▶ **Available data**
=== Begin Enclosure ===
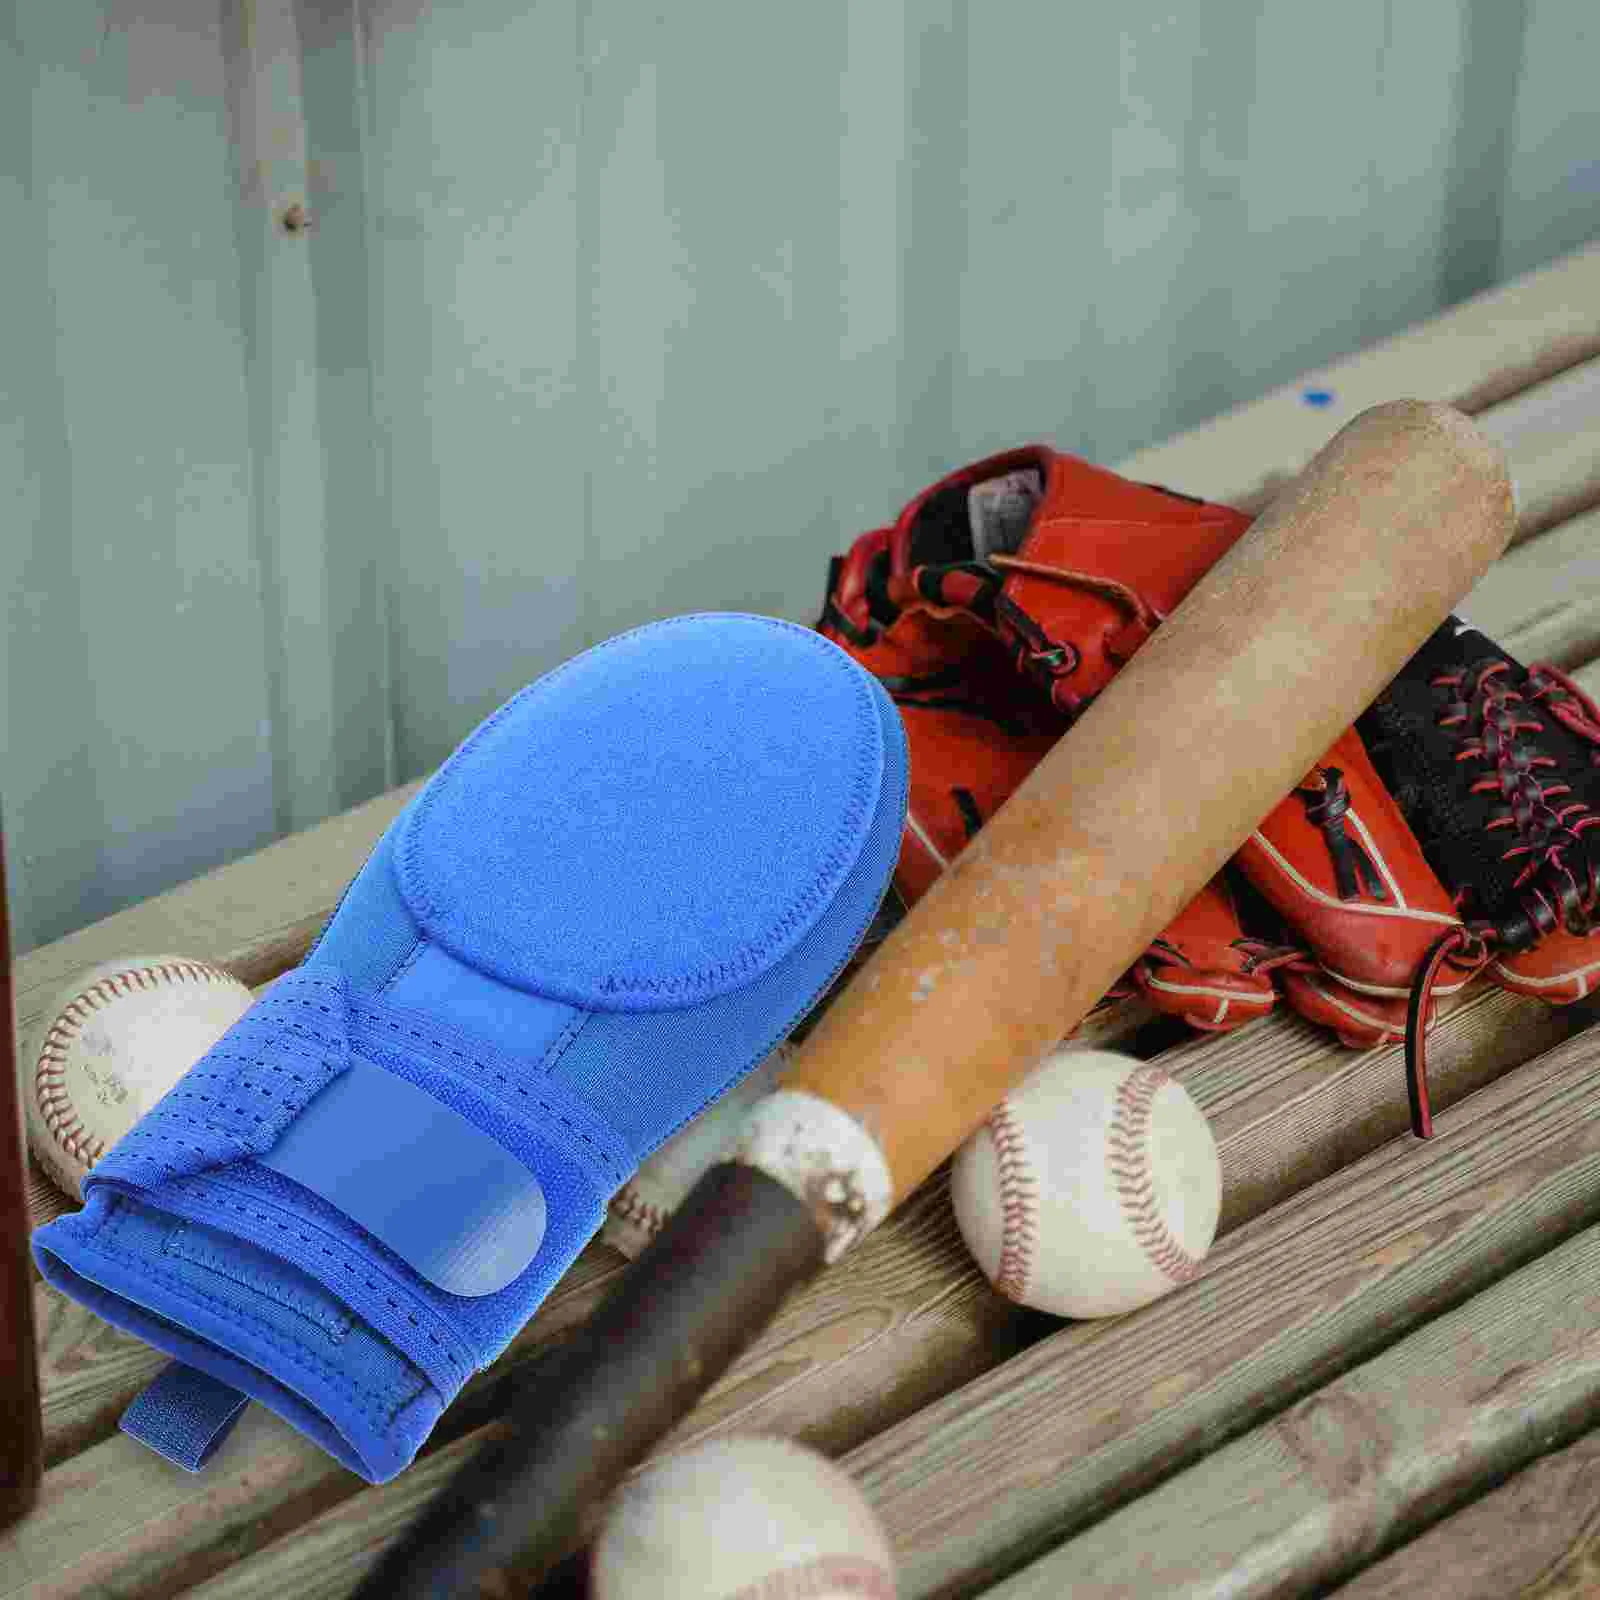 

Baseball Glove Sliding Gloves Mitt Slide Mitten for Sports Mitts Training Running
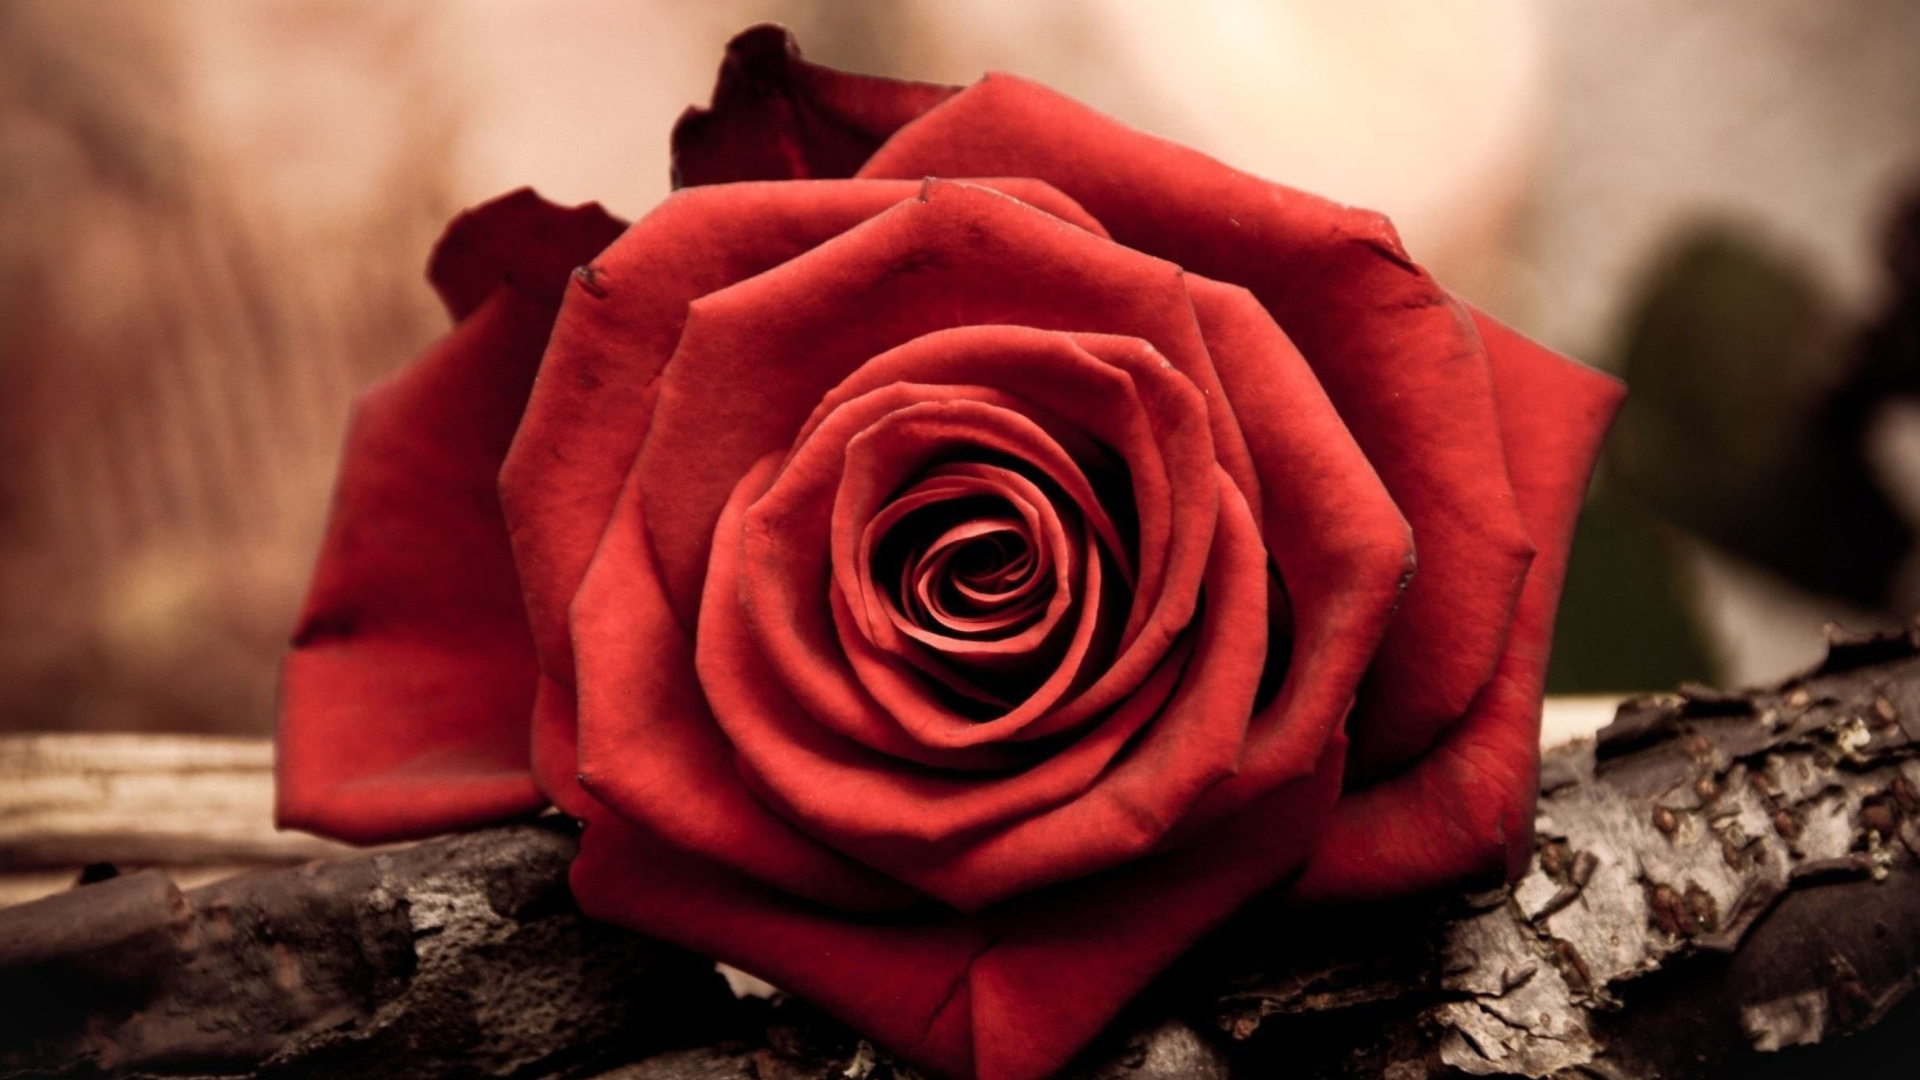 Rose Symbol Of Love wallpaper 1920x1080
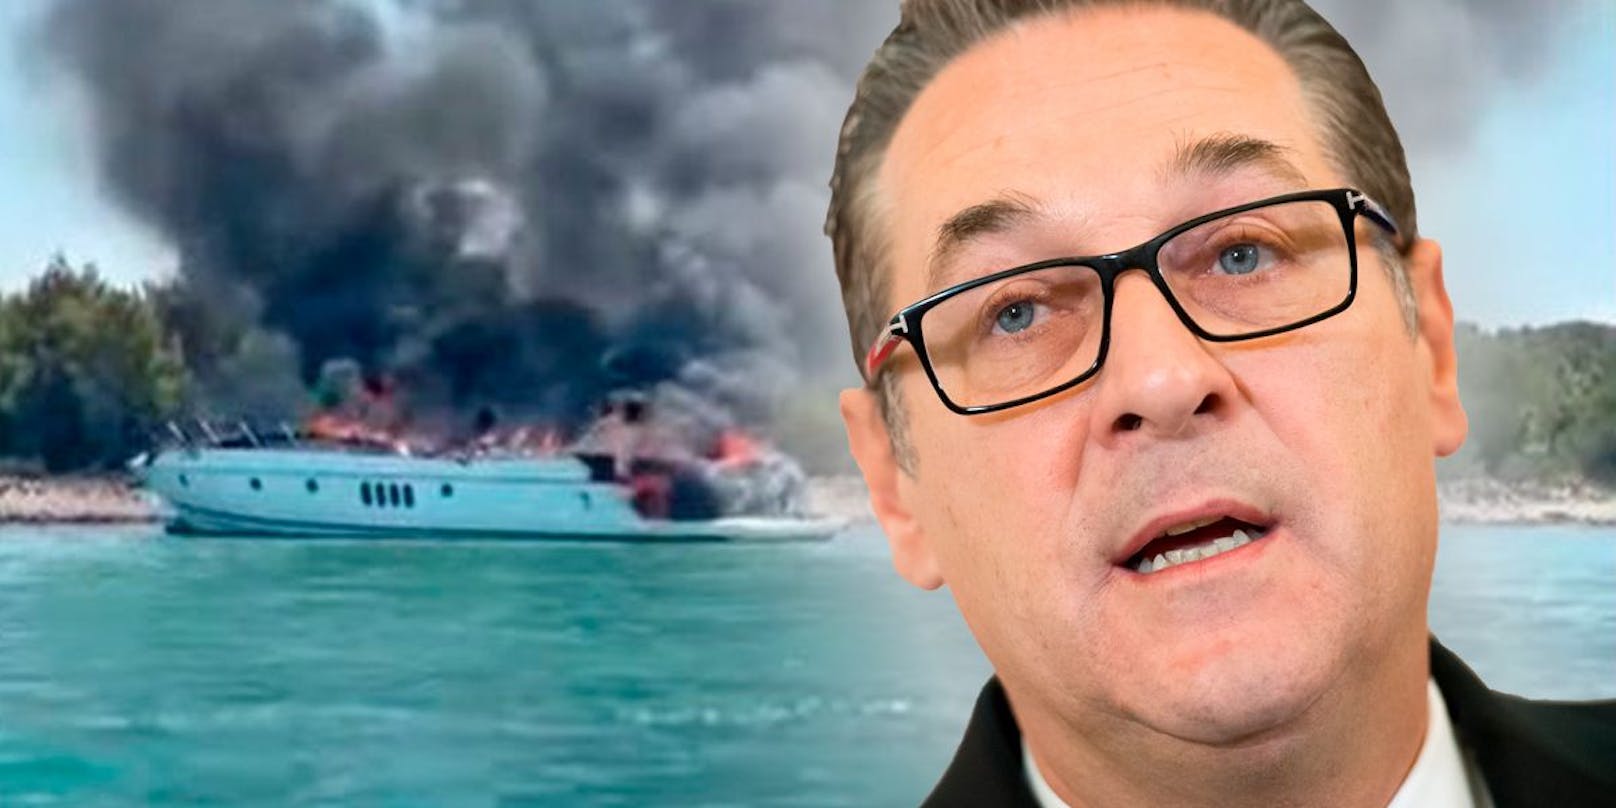 Heinz-Christian Strache soll sich an Bord der brennenden Yacht befunden haben.
=== End Enclosure ===
▶ **Your assignment**
Take the listing and print it again exactly, but without any pictures.

▶ **Output**
Baseball Glove Sliding Gloves Mitt Slide Mitten for Sports Mitts Training Running
 Rose Symbol Of Love wallpaper 1920x1080
 Heinz-Christian Strache soll sich an Bord der brennenden Yacht befunden haben.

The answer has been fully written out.